What It Means To Operate Lean

Skystra Cloud
3 min readMay 4, 2021

Disclosure : I am the founder of Skystra.com. Everything detailed here happens, exactly as described. The only edits are to names or places, protecting the privacy of those involved.

For many years, and even today, our company operates on a lean model. What does operating lean mean?

There are a lot of definitions. Some believe that operating lean means like a startup, with the good and bad that kind of company culture engenders. The startup culture is all about getting things done, lack of process combined with quick decision making.

Others believe it’s more akin to bootstrapping. You have the resources you have, and you’ll just have to figure it out with what you have.

And some go to an even more extreme belief. If someone cannot justify all 40 hours+ of their work week, they will be removed from the company.

Our belief on what operating lean means is right in the middle, with some flexibility. Bootstrapping doesn’t mean doing everything on a shoestring budget. For us, it means learn to be creative in how you approach problems. If you can get something done without needing additional resources, that means some other project which does need those resources does not need to face internal competition to determine what gets done.

This allows for a lot more flexible decision making. When you look at your company’s project board, and virtually every project is fighting for the same resources, you will almost always fall into decision paralysis. Everyone will want their project to move forward. Sure, you can have your leadership team make all the decisions, but then you’re not going to scale properly and no longer get others involved with the decision making process This type of paralysis can handicap your future growth and scale.

We approach things along similar lines, with the knowledge that not every project will be a success if you bootstrap everything. There are just certain limits that can’t be powered through. As a business, you need to make a decision. Either the project must fail, be delayed, or additional resources added to ensure its success.

And that’s where the hybrid model works so well. It encourages everyone to do everything they can, to learn different skills and ways to do things. However, it also provides a safety net, especially for critical projects. If a project is deemed business critical, it will gain access to a pool of resources as needed. These resources, be they budget, people, or software and tools, aren’t dedicated to any one project and sit as a safety net to ensure proper business operations in the project department.

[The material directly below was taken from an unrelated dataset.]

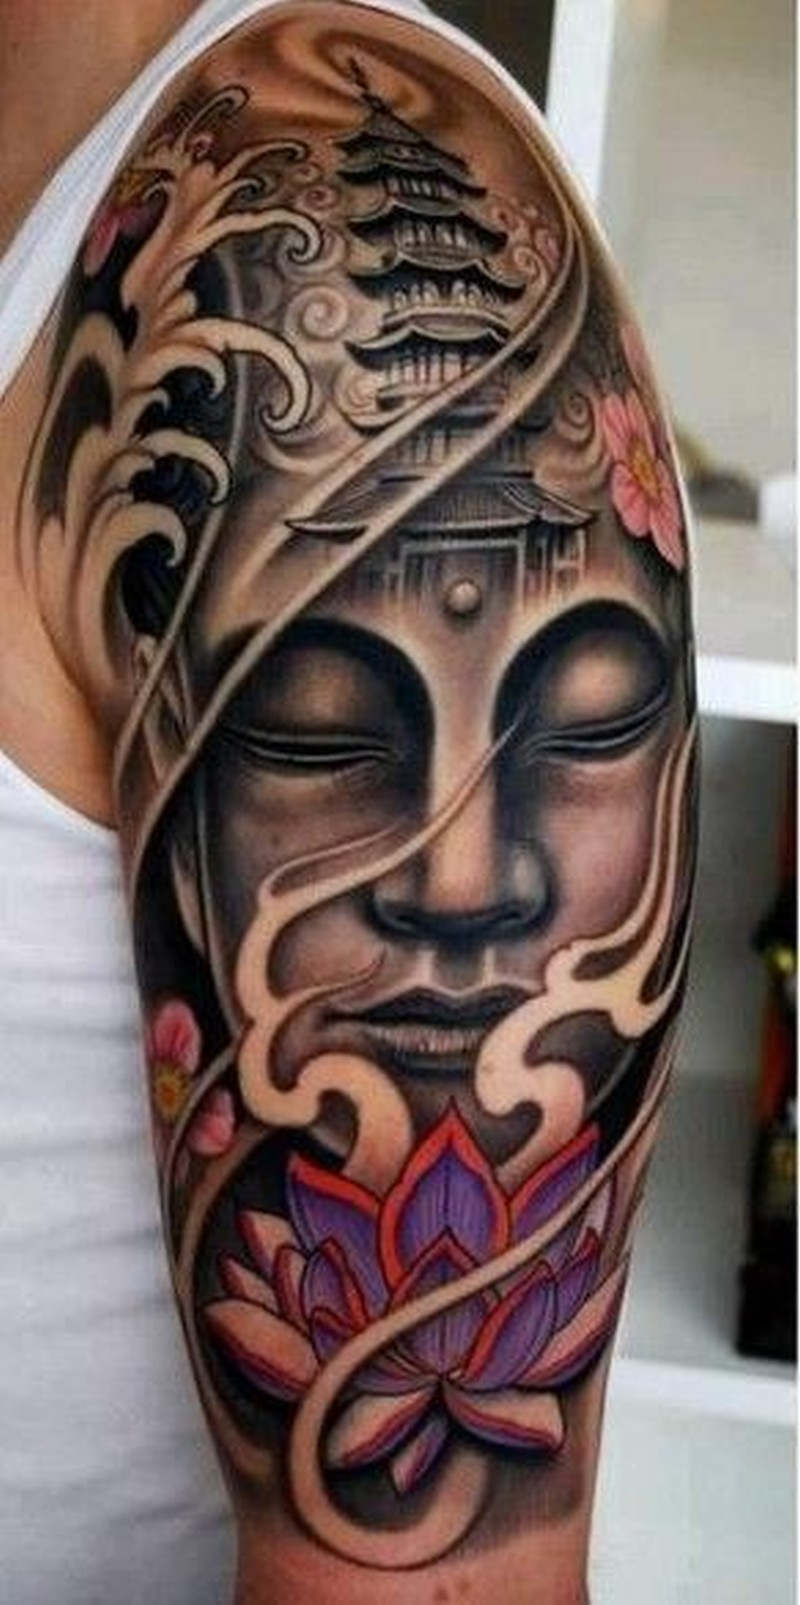 lovely face buddha witn lotus tattoo on arm tattoos book tattoos designs. Black Bedroom Furniture Sets. Home Design Ideas
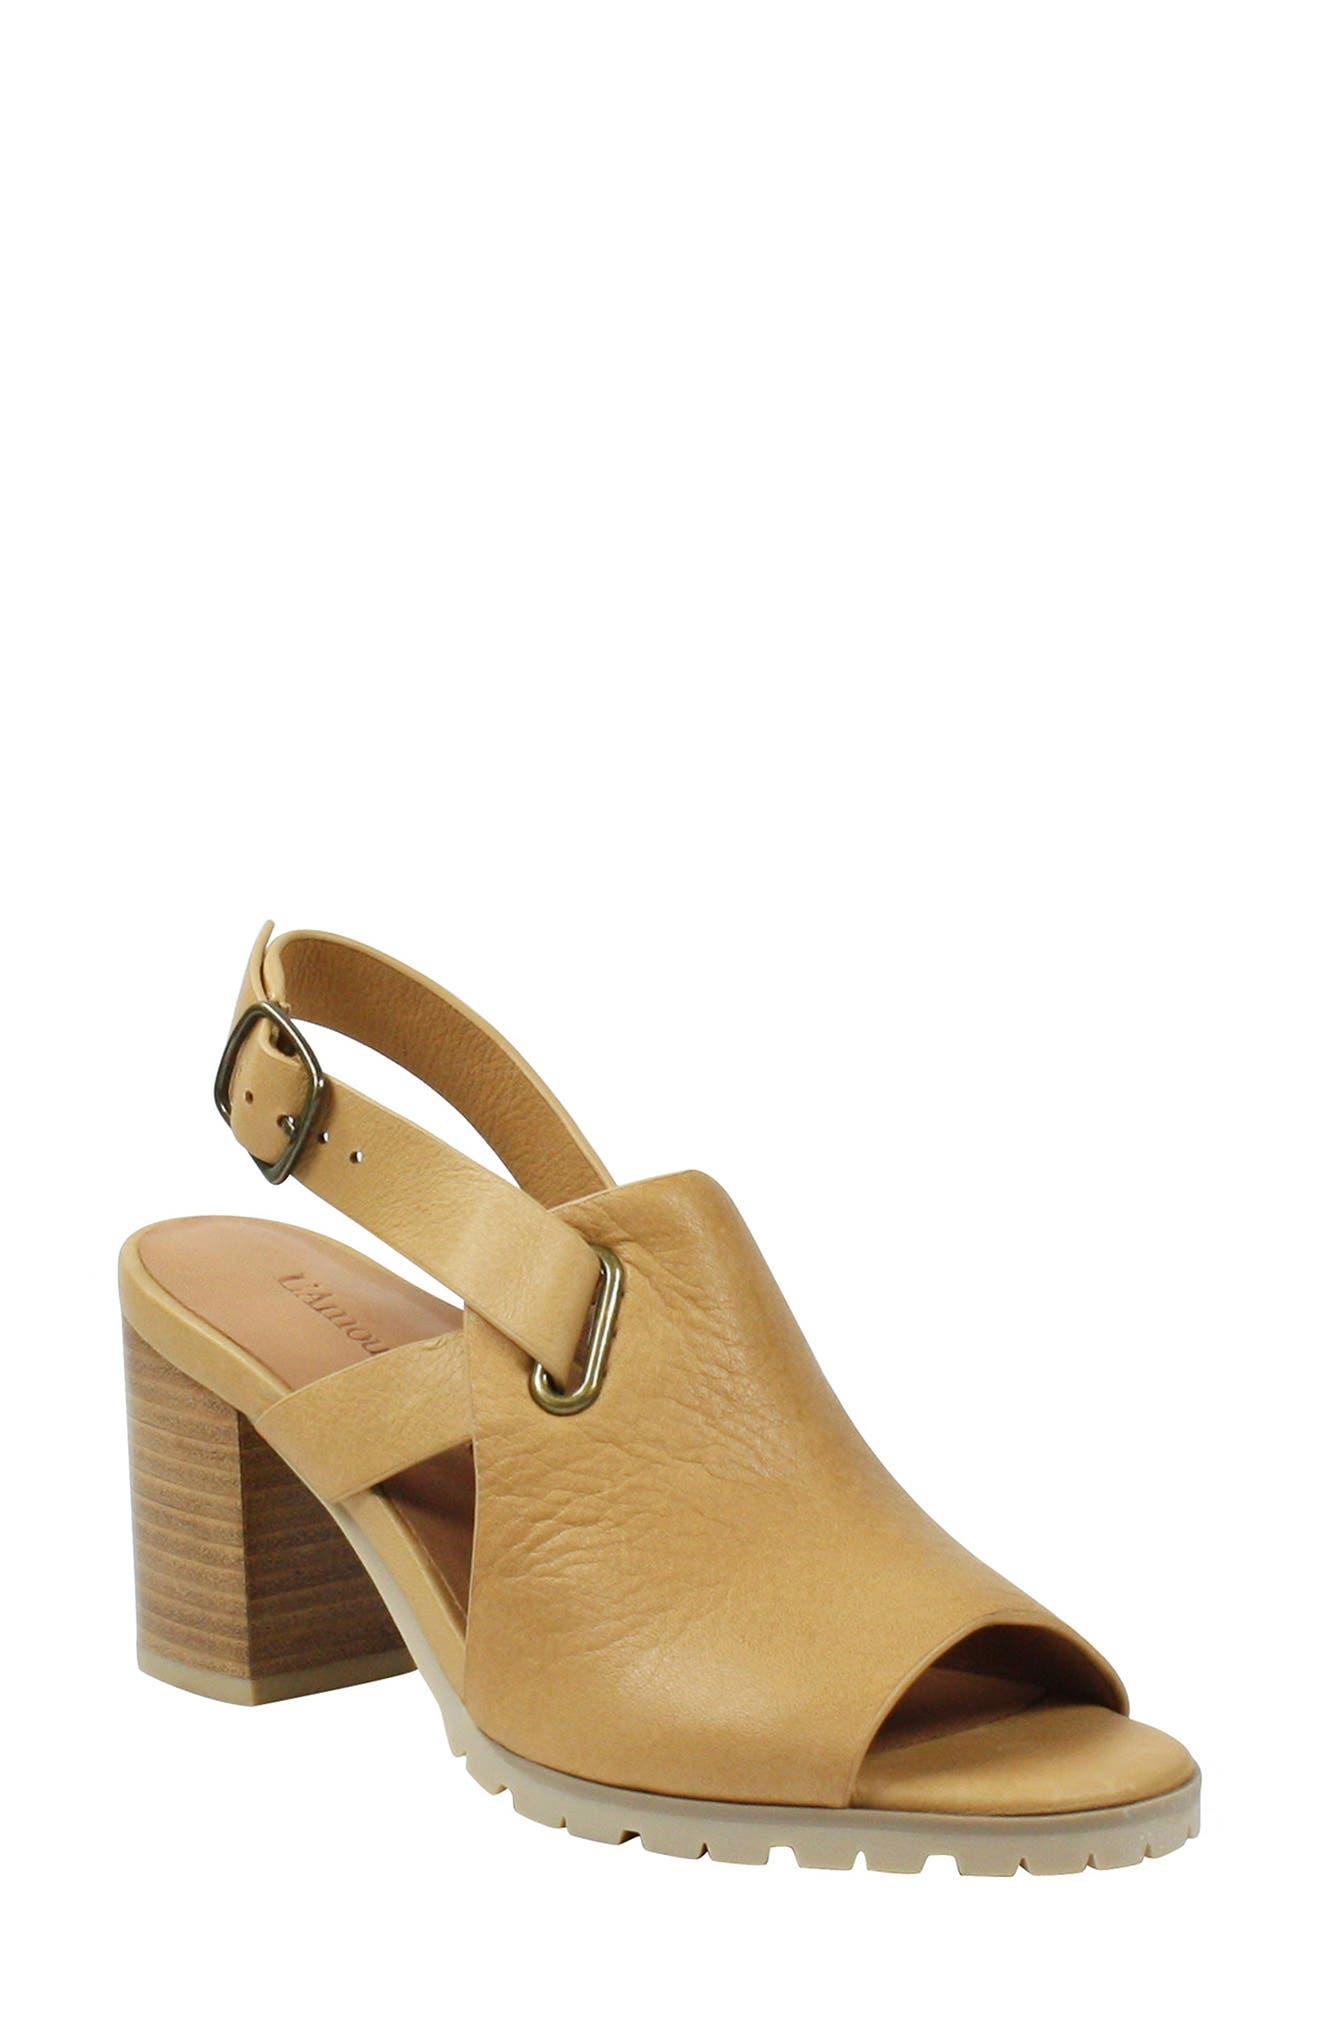 Quenton Slingback Sandal

This also means you can’t have a ton of business critical projects. Budgets and resources are finite.

This is why the entire company is involved in nominating which projects are absolutely business critical, and the rest are not. This system works well because you get input from everyone, from every team in the business, and in return, the entire business gets to see what is going on, to understand the context, and make informed decisions on what goes forward, and at what pace.

By sitting right in the middle between a startup culture with no process, and at the other end, where everyone is judged on metrics and nothing more, our team is able to deliver really solid results, within a reasonable budget and timeframe. And as a bonus, we all learn different ways to do something, gaining that experience and applying it to future projects.